С тяжелым вздохом она опять упала в кресло. По ее помутившимся от страха глазам было видно, что она полностью потеряла самообладание. Эдвард терпеливо ждал, ни единым словом не раздражая мать.

Наконец леди Хартвуд слегка пришла в себя. Еле шевеля губами, она произнесла:

— Должно быть, очень приятно сознавать, что я полностью в твоей власти.

Ее голос дрогнул, и в ее лице мелькнуло выражение растерянности и недоумения.

— Но если ты знал правду, когда приходил просить освободить ее… Ты ведь уже говорил с миссис Этуотер, и она написала мне письмо…

— Да, знал.

— Но если моя тайна стала известна тебе, почему ты не воспользовался этим оружием против меня? Прося освободить Элизу, ты ни словом не обмолвился о, том, что тебе поведала эта вертихвостка, миссис Этуотер. Я ведь думала, что взяла над тобой верх, а ты держал в кармане такой козырь и молчал. В ответ на мои требования тыже мог выдвинуть твои собственные и заставить меня плясать под твою дудку. Как ты мог, зная о моем позоре, не сыграть на этом?! Я не узнаю тебя.
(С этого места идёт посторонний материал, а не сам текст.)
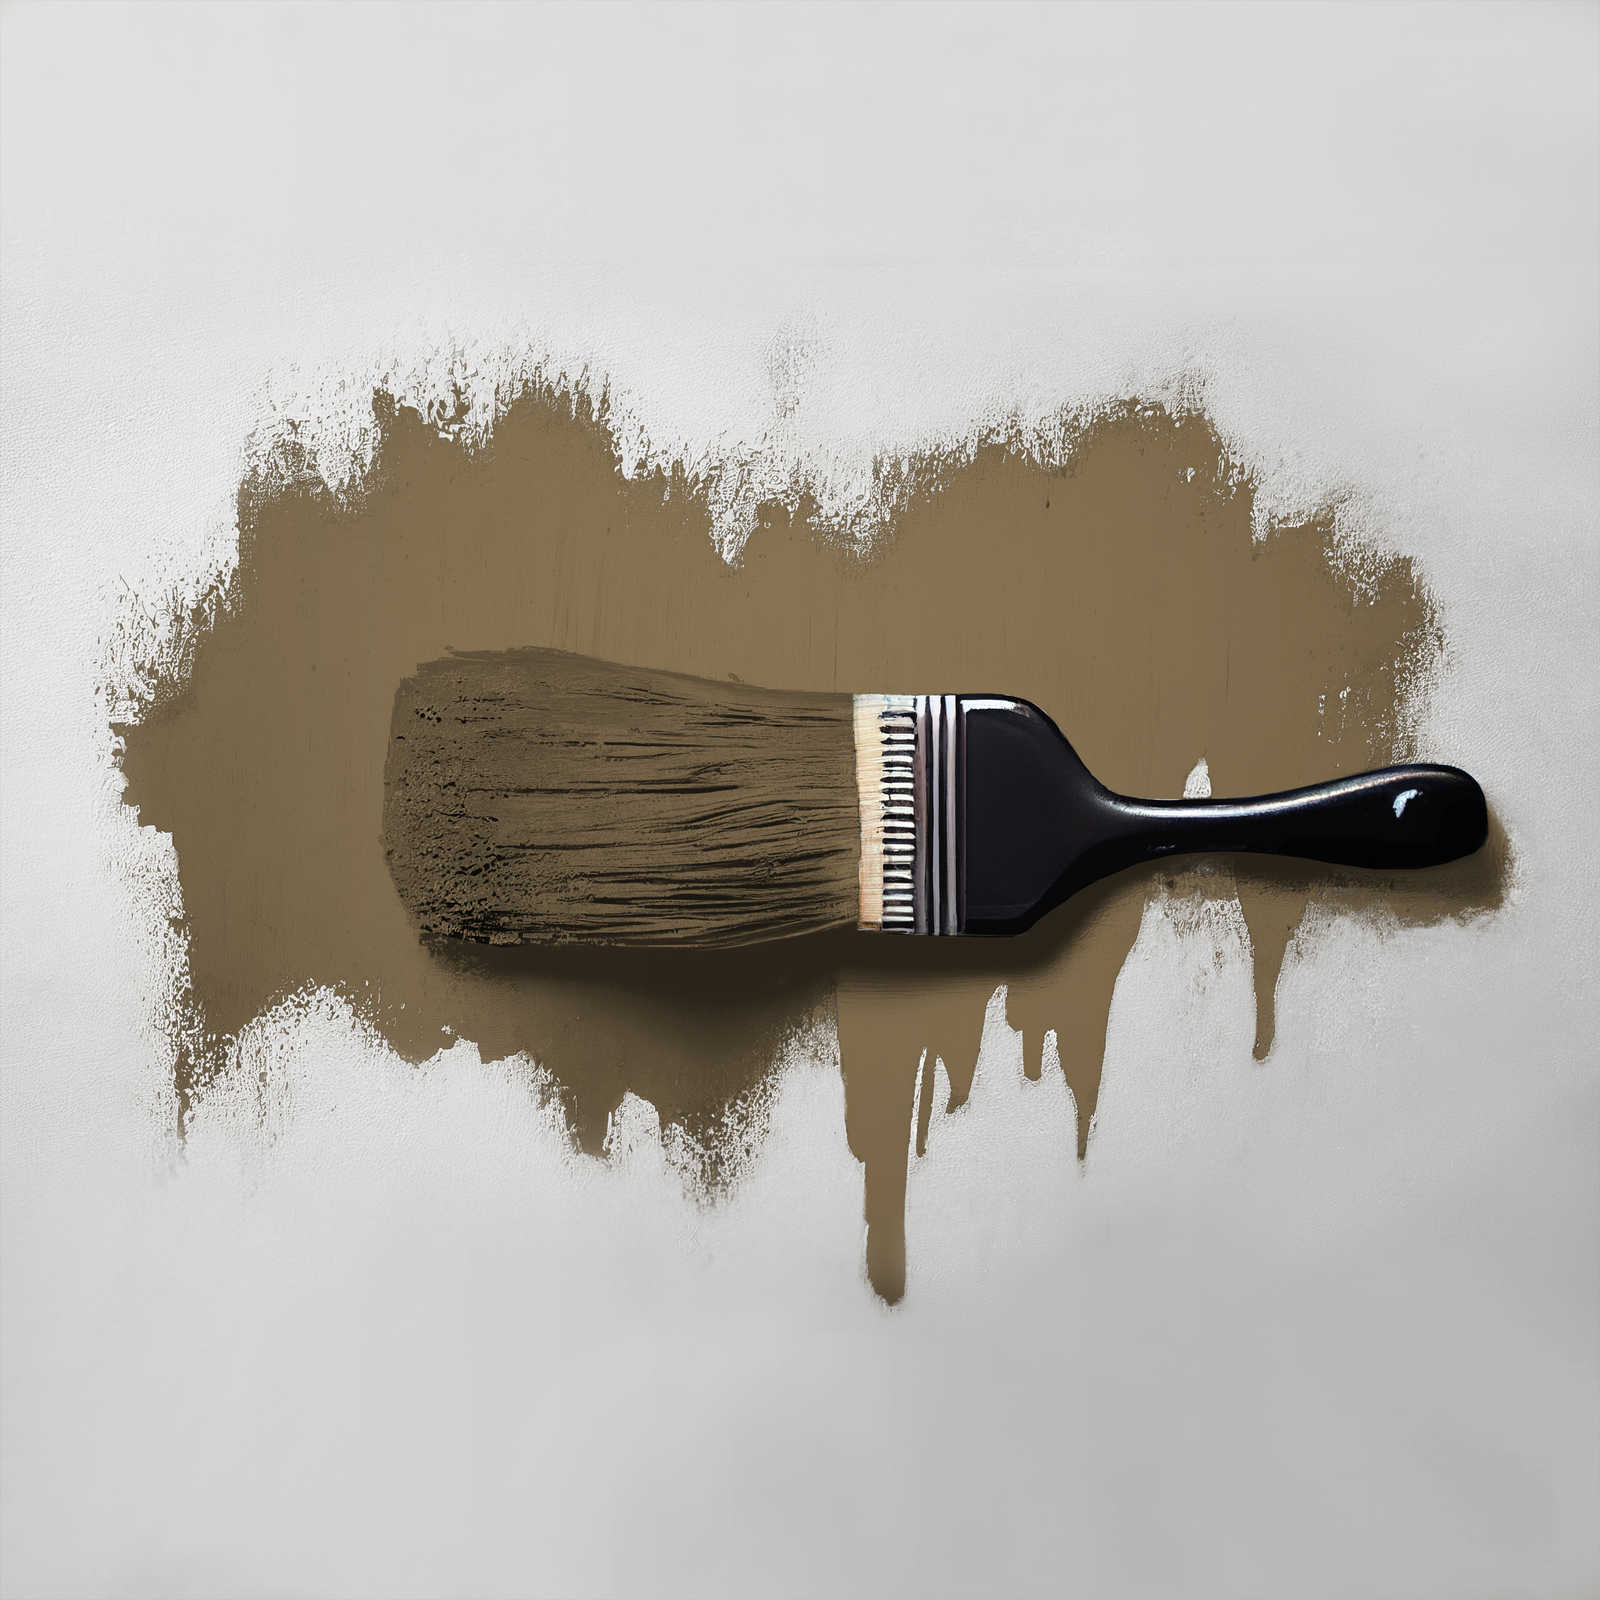             Peinture murale TCK6014 »Tasty Truffle« en brun profond – 2,5 litres

— Мне не хотелось обижать тебя, матушка. За одну совершенную в юности ошибку ты ведь столько выстрадала. Кроме того, я ведь не сын Черного Невилла. Я не унаследовал его жестокости, черствости и бессердечия. Не будучи сыном Черного Невилла, я смог простить. Ты слишком многим пожертвовала для того, чтобы сохранить к себе уважение светского общества. Это единственное, что у тебя осталось после смерти мужа. Отнять это последнее у меня не хватило бы совести.

— Ты говоришь правду? — Глаза леди Хартвуд быстро-быстро заморгали, она изо всех сил старалась удержаться от слез. — Ты не станешь разоблачать мою тайну?

— Конечно, нет. Мы не властны над прошлым, так зачем же попусту позорить имя Хартвудов.

— Хм… я очень тебе благодарна. — Выдержка, похоже, вернулась к леди Хартвуд. — Думаю, тебе приятно думать, что твой настоящий отец был намного лучше Черного Невилла.

— Возможно, хотя я не очень обольщаюсь на этот счет. Как ты не раз справедливо замечала, я в меру циничен и не слишком верю в добродетель. Не знаю, каким человеком был мой отец, зато хорошо понимаю, почему ему удалось соблазнить тебя. Тогда ты была молода, чувства переполняли тебя, а муж пренебрегал тобой. Конечно, ты сильно обижалась. Он вел себя оскорбительно, иначе это нельзя назвать.

Леди Хартвуд замерла, лишь подергивание ее левой руки говорило о том, насколько она глубоко взволнована.

— Он не соблазнял меня. В этом не было необходимости. Я сама, по своей воле пошла на это. У него был такой чарующий голос. У тебя точно такой же, и вообще ты очень похож на него. Ты всегда был на него похож, с первого дня твоего появления на свет. Как только ты взглянул на меня своими карими глазками, как только я увидела твои светлые волосики, я едва не задохнулась от счастья.

К общему удивлению, леди Хартвуд глубоко вздохнула, и по ее щеке покатилась скупая горькая слеза.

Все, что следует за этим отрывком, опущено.